RESULTS: ACEs were highly prevalent with almost 75% of the sample reporting at least one ACE category and over 25% having a high ACE burden (4 or more categories). ACEs were strongly associated with functional support. Participants experiencing a high ACE burden had a higher adjusted odds ratio (OR) [95% confidence interval] of 1.9 [1.5-2.4] of work inability (reference: zero ACEs). Good functional support (adjusted OR 0.52 [0.42-0.63]) and structural support (adjusted OR 0.48 [0.41-0.56]) were protective against work inability. After adding education and health to the model, ACEs no longer appeared to have an independent effect.
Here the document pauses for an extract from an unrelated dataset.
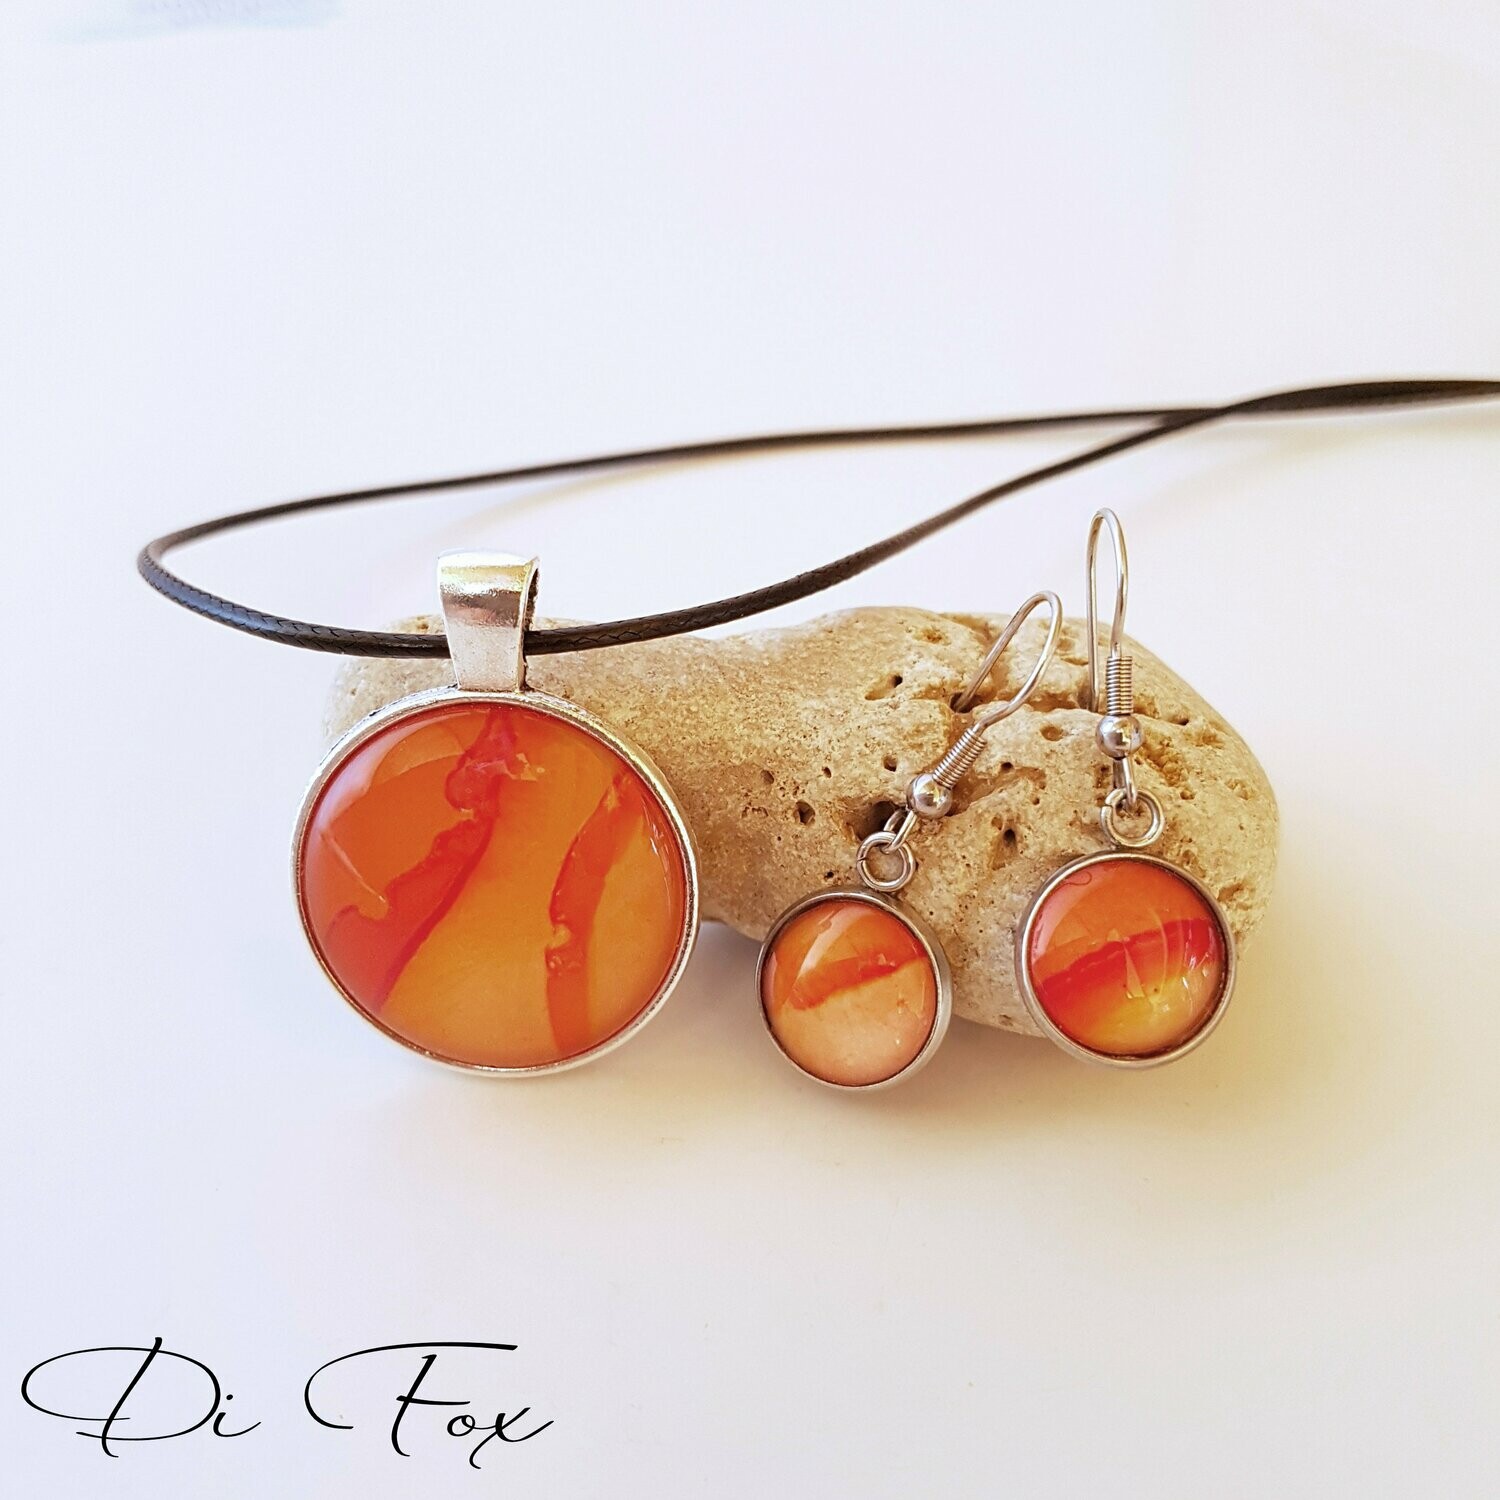 Tangerine Orange pendant necklace and earring set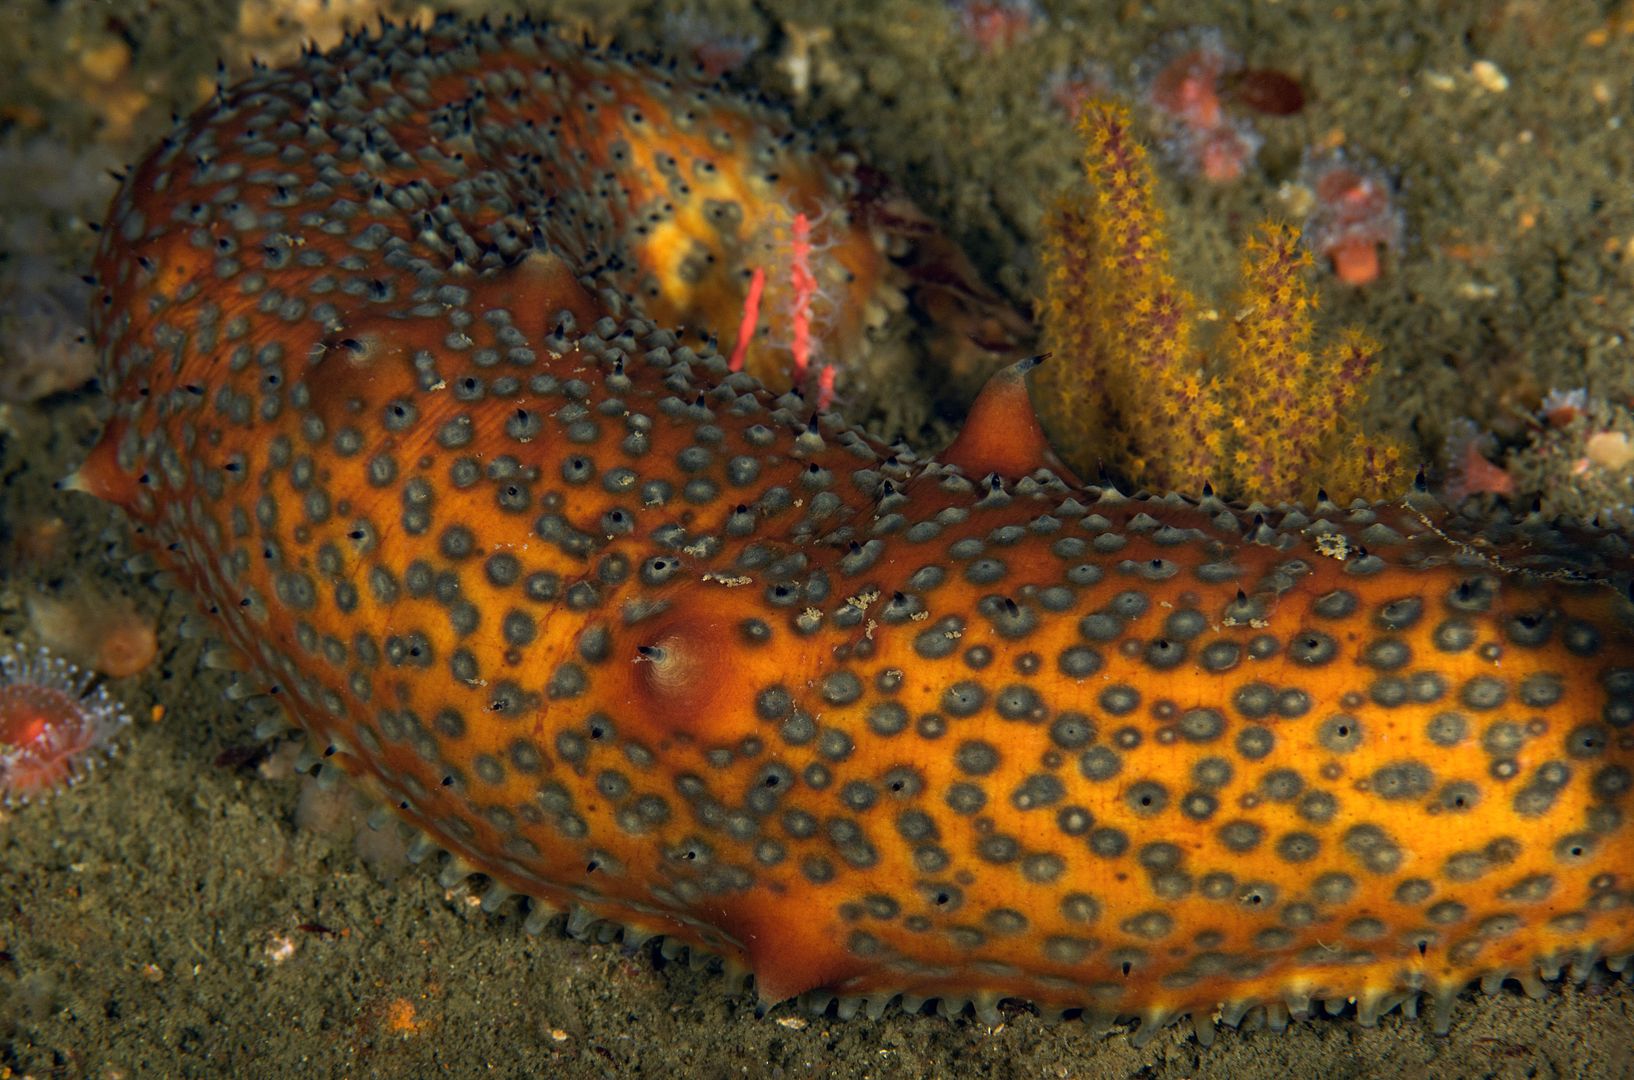  photo Parastichopus parvimensis Warty sea cucumber_zpssqtds7wu.jpg

Structural support remained highly protective, but functional support only appeared to be protective in those with good physical health.

CONCLUSIONS: ACEs are highly prevalent in working-age US adults with a disability, particularly young adults. ACEs are associated with decreased support, lower educational attainment and worse adult health. Health care providers are encouraged to screen for ACEs. Addressing the effects of ACEs on health and support, in addition to education and retraining, may increase ability to work in those with a disability.